INPUT DATA:

------

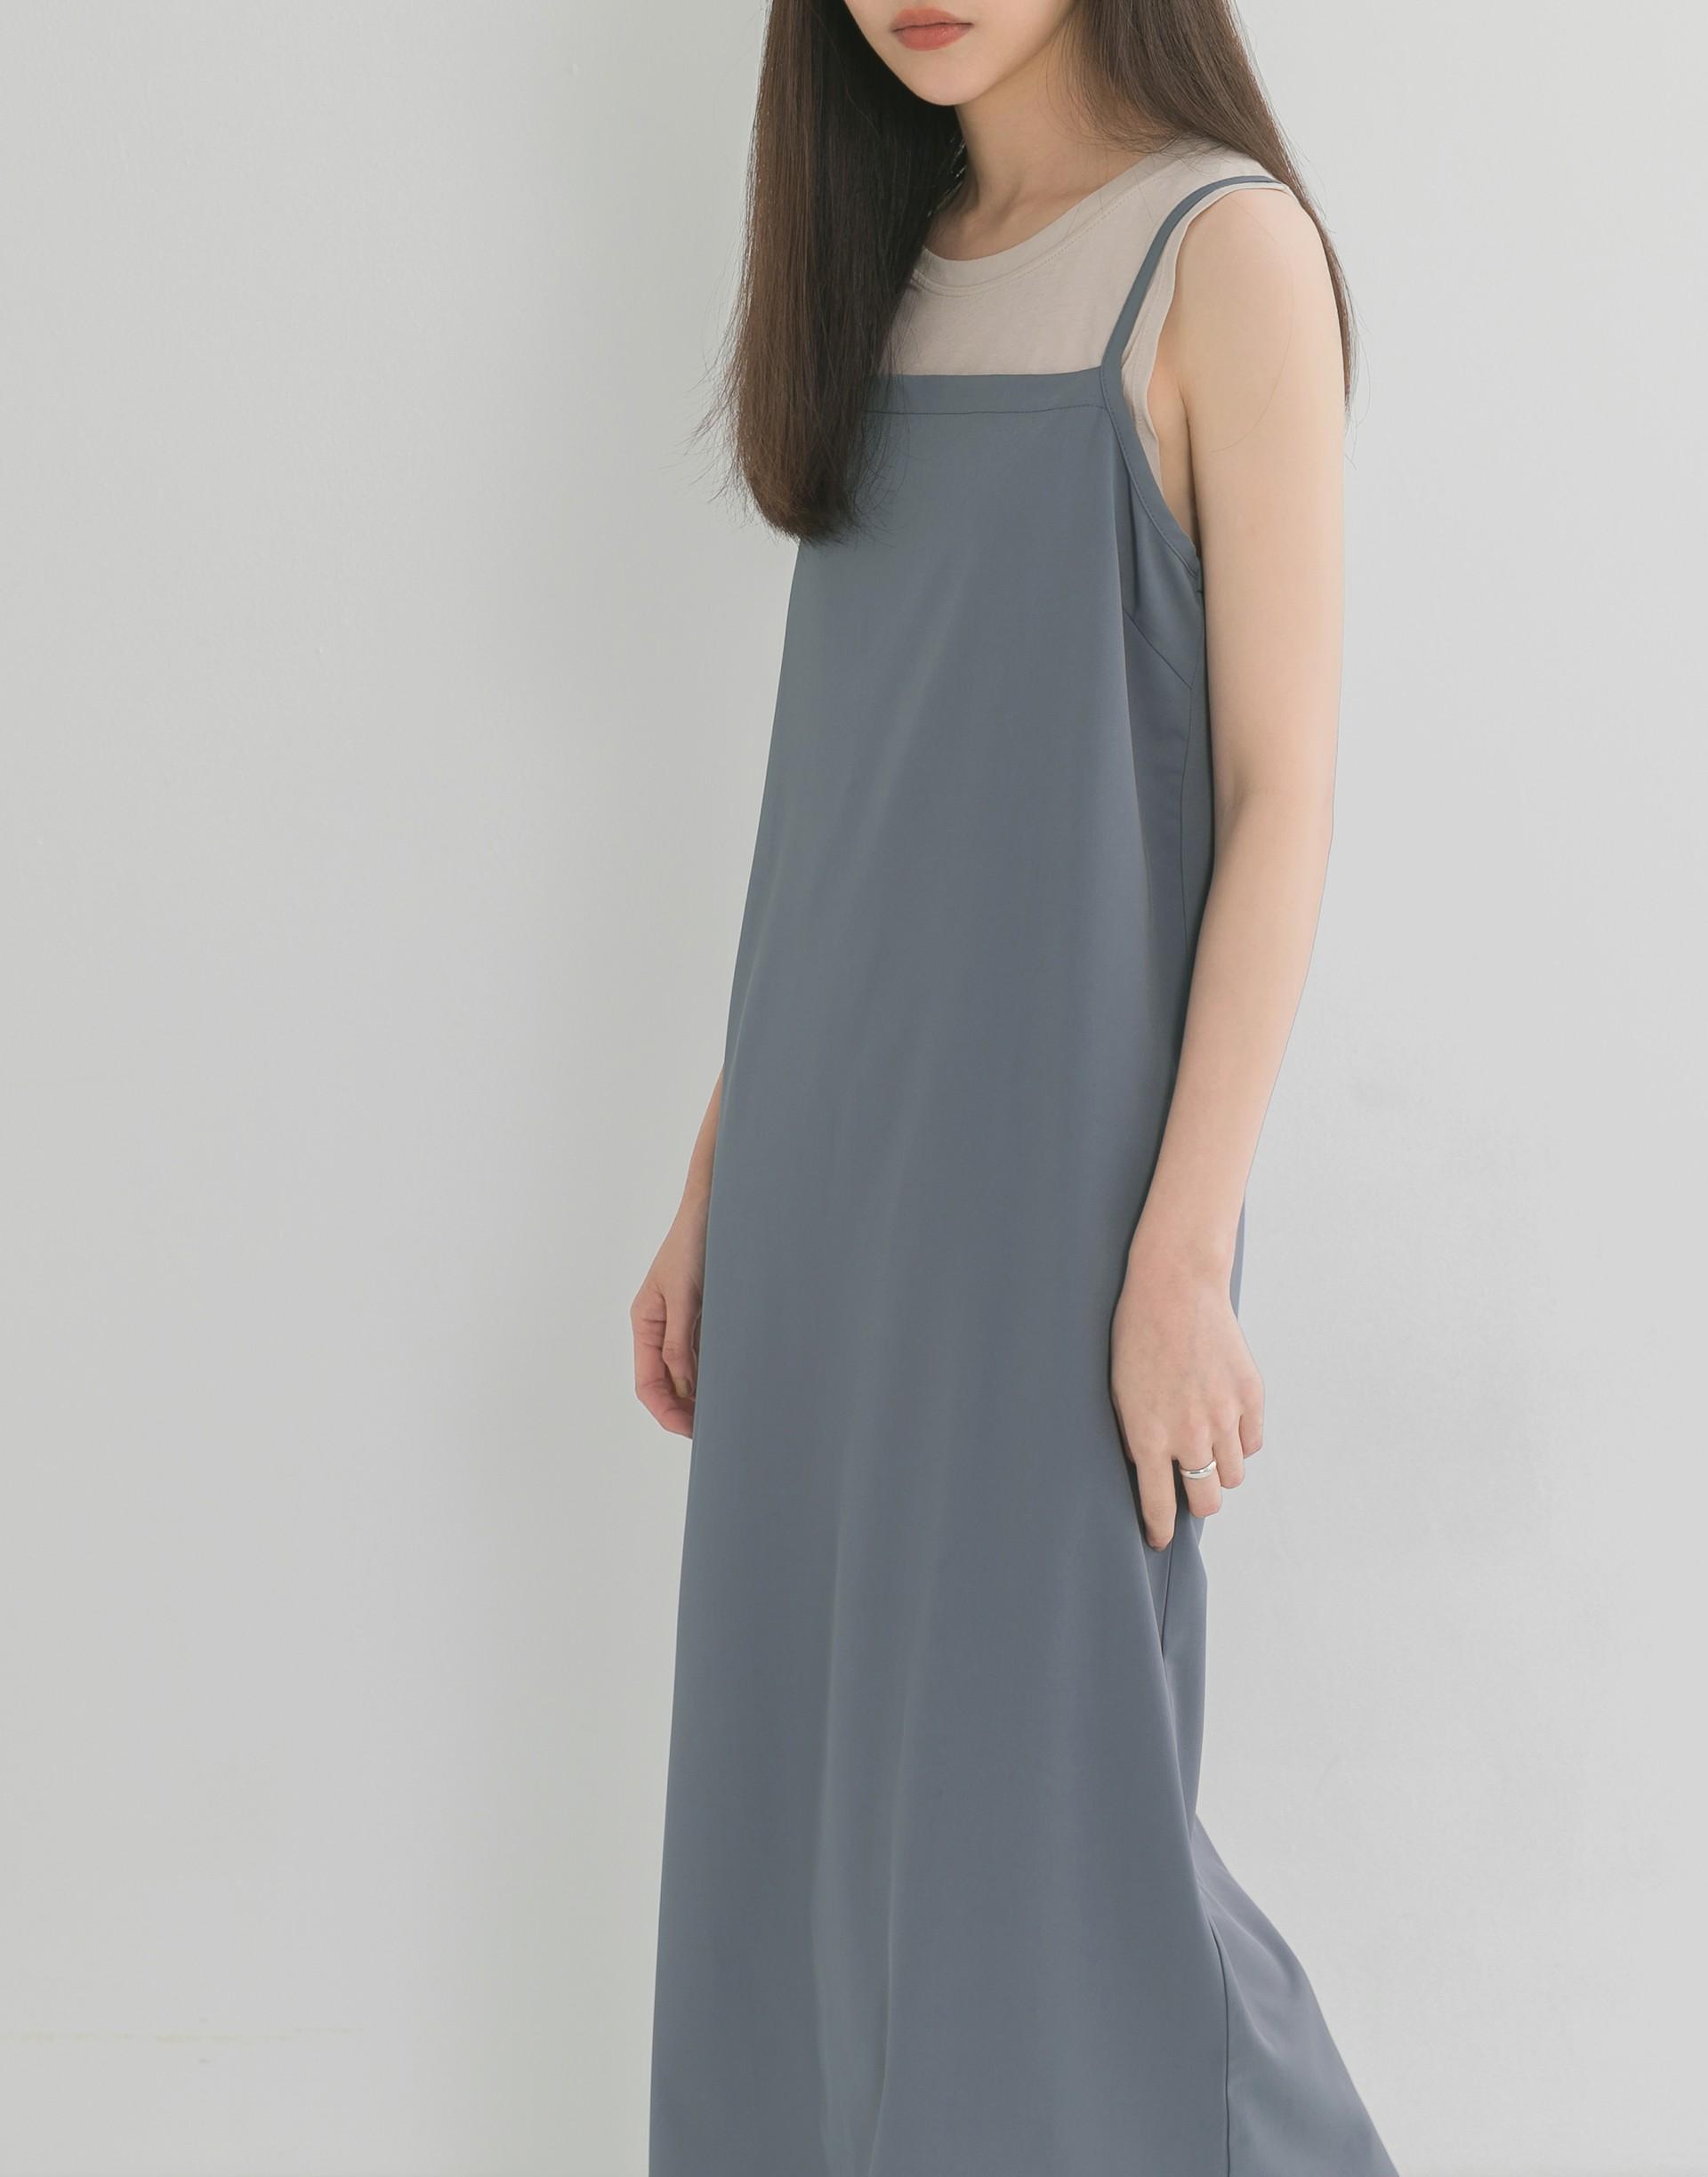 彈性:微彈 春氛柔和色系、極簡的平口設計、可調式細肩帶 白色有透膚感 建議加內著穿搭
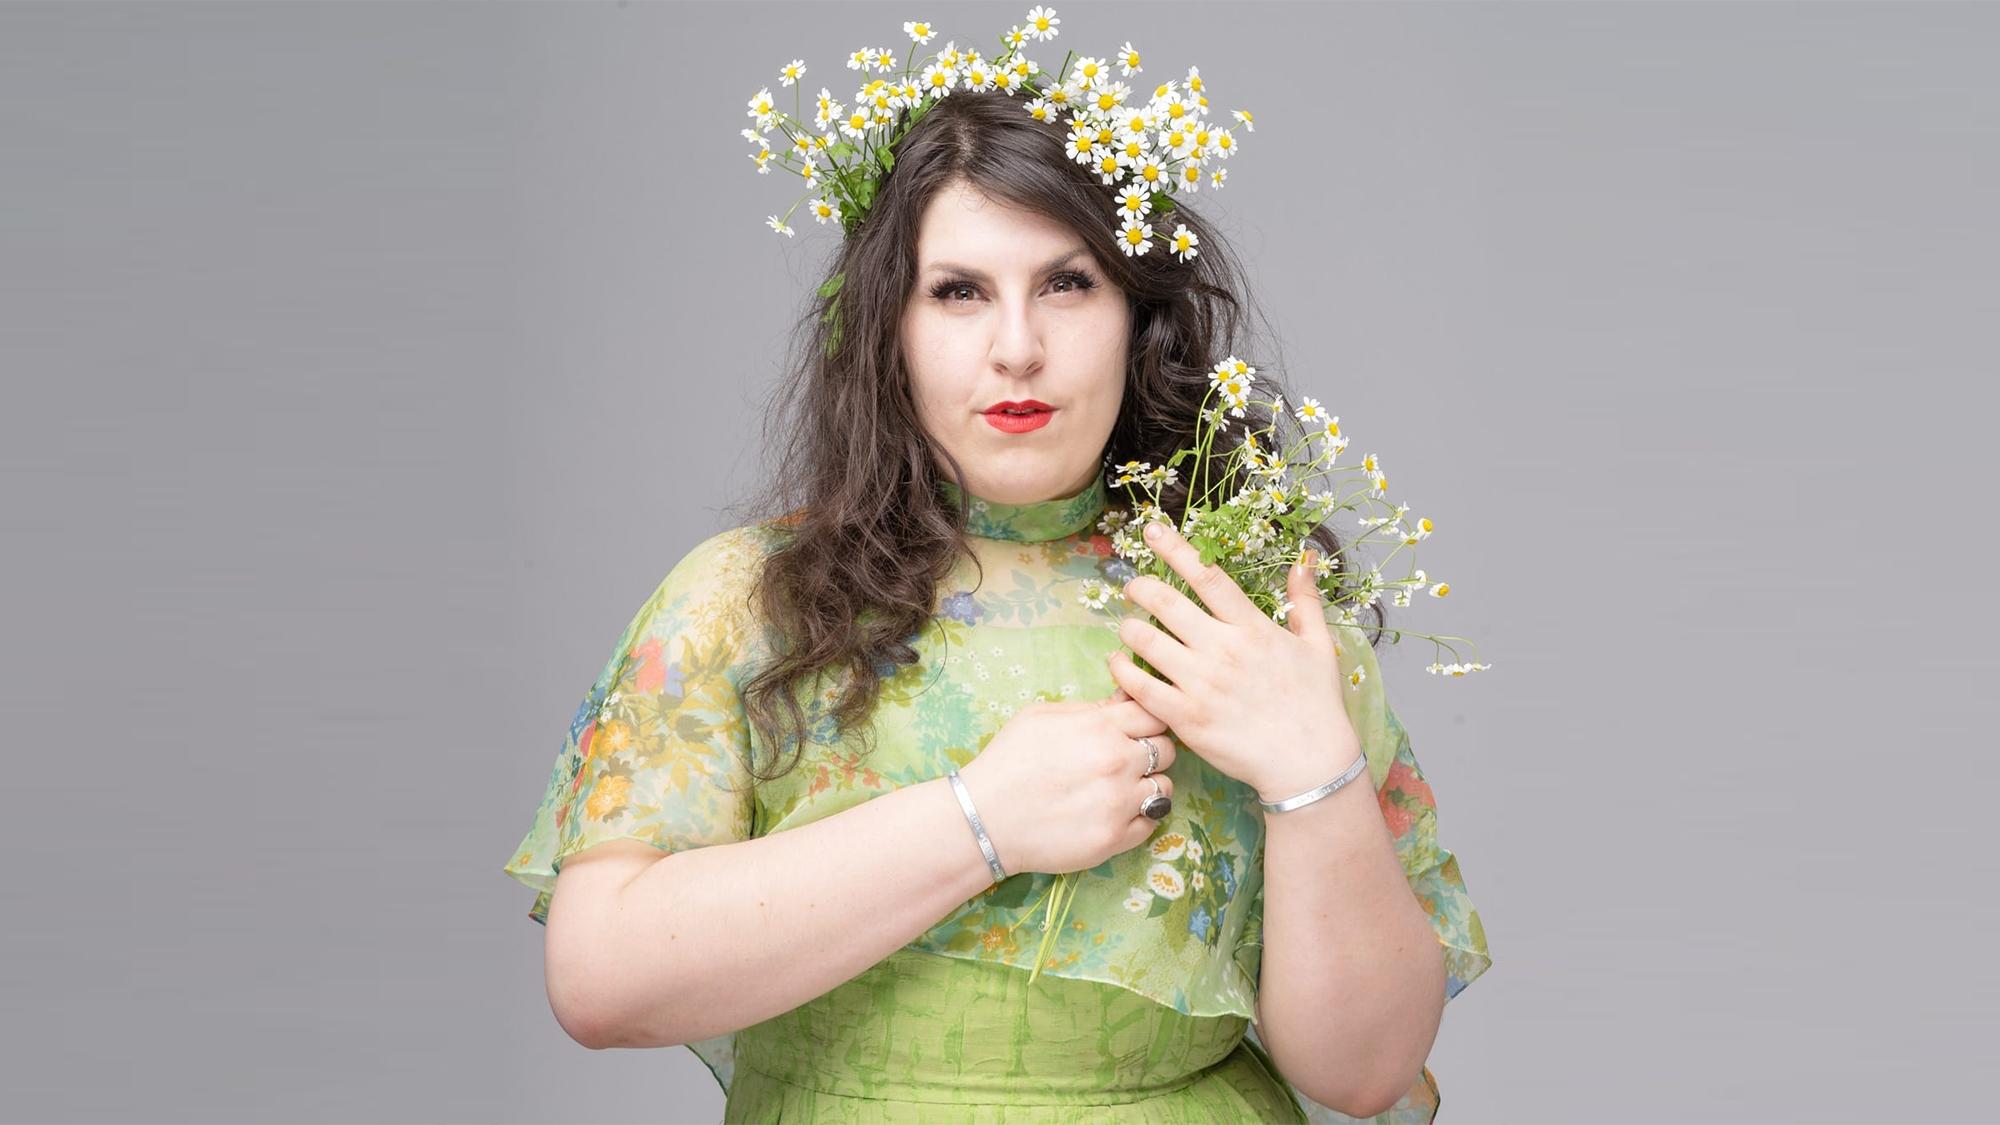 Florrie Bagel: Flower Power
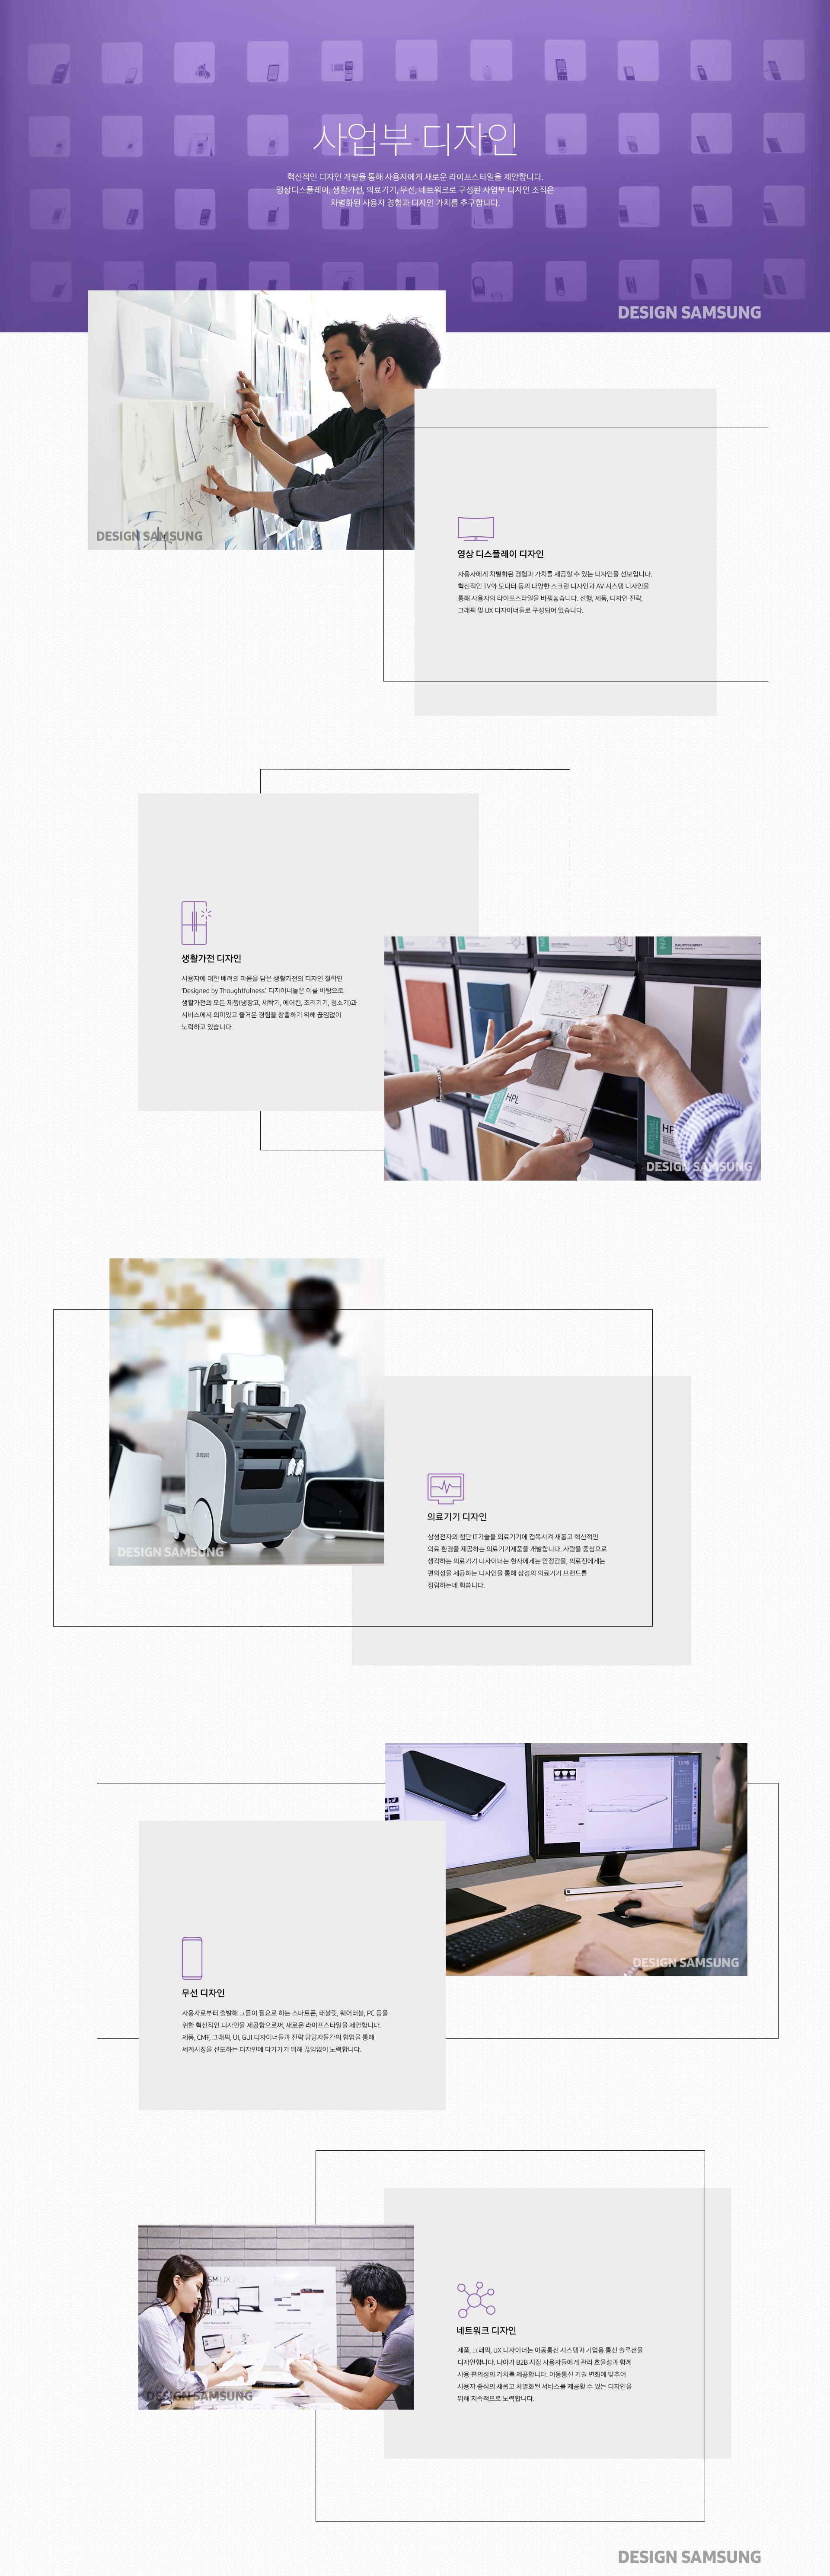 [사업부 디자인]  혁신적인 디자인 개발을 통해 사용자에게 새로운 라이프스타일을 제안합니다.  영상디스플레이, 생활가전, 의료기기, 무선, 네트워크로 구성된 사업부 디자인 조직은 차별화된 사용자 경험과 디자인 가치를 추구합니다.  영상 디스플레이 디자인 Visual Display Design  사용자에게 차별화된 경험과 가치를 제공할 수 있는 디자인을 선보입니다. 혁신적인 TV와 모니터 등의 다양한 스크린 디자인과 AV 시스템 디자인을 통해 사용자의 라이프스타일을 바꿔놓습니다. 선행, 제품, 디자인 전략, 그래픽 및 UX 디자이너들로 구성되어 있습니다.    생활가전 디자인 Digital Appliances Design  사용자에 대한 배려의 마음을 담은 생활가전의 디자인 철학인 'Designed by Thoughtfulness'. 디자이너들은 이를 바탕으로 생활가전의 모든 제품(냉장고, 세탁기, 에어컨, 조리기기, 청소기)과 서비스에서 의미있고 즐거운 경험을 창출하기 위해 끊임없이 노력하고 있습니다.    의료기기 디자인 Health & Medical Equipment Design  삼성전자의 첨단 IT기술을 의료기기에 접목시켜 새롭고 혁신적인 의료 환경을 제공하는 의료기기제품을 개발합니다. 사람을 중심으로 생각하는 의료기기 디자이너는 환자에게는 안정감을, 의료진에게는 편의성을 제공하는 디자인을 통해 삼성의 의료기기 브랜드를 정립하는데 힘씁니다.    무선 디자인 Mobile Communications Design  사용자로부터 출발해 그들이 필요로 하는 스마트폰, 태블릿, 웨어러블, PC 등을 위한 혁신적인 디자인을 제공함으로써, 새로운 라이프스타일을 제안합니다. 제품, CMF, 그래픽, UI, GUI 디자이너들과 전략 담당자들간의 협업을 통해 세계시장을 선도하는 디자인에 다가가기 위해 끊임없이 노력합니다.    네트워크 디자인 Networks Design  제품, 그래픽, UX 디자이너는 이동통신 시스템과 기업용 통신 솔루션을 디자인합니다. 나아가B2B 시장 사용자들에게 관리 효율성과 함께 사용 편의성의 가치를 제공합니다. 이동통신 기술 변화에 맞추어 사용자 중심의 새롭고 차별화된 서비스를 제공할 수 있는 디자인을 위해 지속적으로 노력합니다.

------

HOW TO COMPLETE THIS TASK:
Start to finish, write out the data above exactly, omitting all pictures.

PROBLEM SOLUTION:
 彈性:微彈 春氛柔和色系、極簡的平口設計、可調式細肩帶 白色有透膚感 建議加內著穿搭
 Florrie Bagel: Flower Power
 [사업부 디자인]  혁신적인 디자인 개발을 통해 사용자에게 새로운 라이프스타일을 제안합니다.  영상디스플레이, 생활가전, 의료기기, 무선, 네트워크로 구성된 사업부 디자인 조직은 차별화된 사용자 경험과 디자인 가치를 추구합니다.  영상 디스플레이 디자인 Visual Display Design  사용자에게 차별화된 경험과 가치를 제공할 수 있는 디자인을 선보입니다. 혁신적인 TV와 모니터 등의 다양한 스크린 디자인과 AV 시스템 디자인을 통해 사용자의 라이프스타일을 바꿔놓습니다. 선행, 제품, 디자인 전략, 그래픽 및 UX 디자이너들로 구성되어 있습니다.    생활가전 디자인 Digital Appliances Design  사용자에 대한 배려의 마음을 담은 생활가전의 디자인 철학인 'Designed by Thoughtfulness'. 디자이너들은 이를 바탕으로 생활가전의 모든 제품(냉장고, 세탁기, 에어컨, 조리기기, 청소기)과 서비스에서 의미있고 즐거운 경험을 창출하기 위해 끊임없이 노력하고 있습니다.    의료기기 디자인 Health & Medical Equipment Design  삼성전자의 첨단 IT기술을 의료기기에 접목시켜 새롭고 혁신적인 의료 환경을 제공하는 의료기기제품을 개발합니다. 사람을 중심으로 생각하는 의료기기 디자이너는 환자에게는 안정감을, 의료진에게는 편의성을 제공하는 디자인을 통해 삼성의 의료기기 브랜드를 정립하는데 힘씁니다.    무선 디자인 Mobile Communications Design  사용자로부터 출발해 그들이 필요로 하는 스마트폰, 태블릿, 웨어러블, PC 등을 위한 혁신적인 디자인을 제공함으로써, 새로운 라이프스타일을 제안합니다. 제품, CMF, 그래픽, UI, GUI 디자이너들과 전략 담당자들간의 협업을 통해 세계시장을 선도하는 디자인에 다가가기 위해 끊임없이 노력합니다.    네트워크 디자인 Networks Design  제품, 그래픽, UX 디자이너는 이동통신 시스템과 기업용 통신 솔루션을 디자인합니다. 나아가B2B 시장 사용자들에게 관리 효율성과 함께 사용 편의성의 가치를 제공합니다. 이동통신 기술 변화에 맞추어 사용자 중심의 새롭고 차별화된 서비스를 제공할 수 있는 디자인을 위해 지속적으로 노력합니다.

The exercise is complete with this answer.